If we step back and think about what customers are up against, it is truly staggering.  Building a secure web application and network are akin to building a nuclear reactor plant. No detail is small and insignificant, so one tiny failure (a crack, weak weld, or a small contamination), despite all of the good inherent in the design and implementation, can mean failure. A similar truth impacts web application security – just one flaw, be it a misconfiguration or omission in the myriad of components, can provide attackers with enough of a gap through which immense damage can be inflicted. And to add insult to injury, these same proactive defensive measures are relied upon in many environments to help detect these rare events (sometimes called black swan events). Network and application administrators have a tough job, and a white-hat’s purpose is to help them and their organization do it better.

Web application frameworks and platforms contain provisions to help secure them against nefarious actors, but they are rarely deployed alone in a production system. Enterprises will often deploy cyber defense systems that can also enhance their applications’ protection, awareness, and resilience against the attack. In most cases, enterprise buyers will associate more elements with a greater defense in depth and assume higher levels of protection.

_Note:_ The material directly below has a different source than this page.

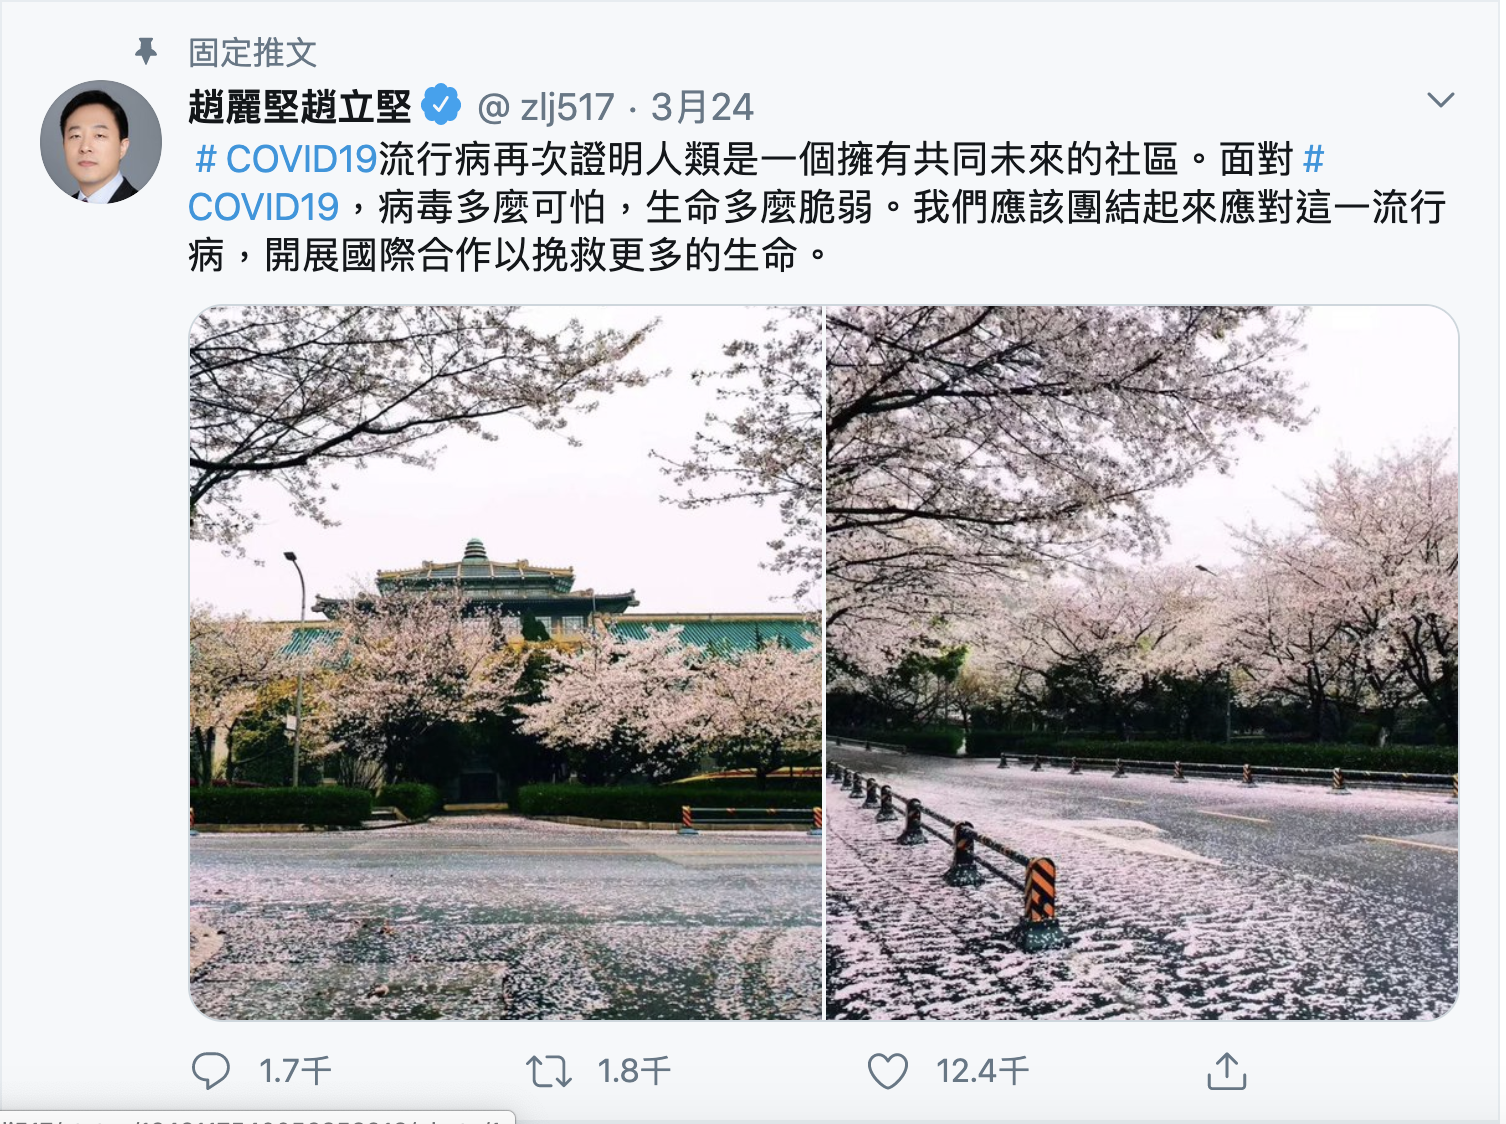 24日,中共外交部發言人突然發了一條強調與世界各國合作共同應對疫情的推文。(網絡截圖)

As with the measures that their application platform provides, these additional systems are only as good as the processes and people responsible for installing, configuring, monitoring, and integrating these systems holistically into the architecture. Lastly, given the special place in an enterprise that these applications have, there is a good chance that various stakeholders have the wrong solutions in place to protect against the form of attacks that we will be testing against. We must endeavor to both assess the target and educate the customer.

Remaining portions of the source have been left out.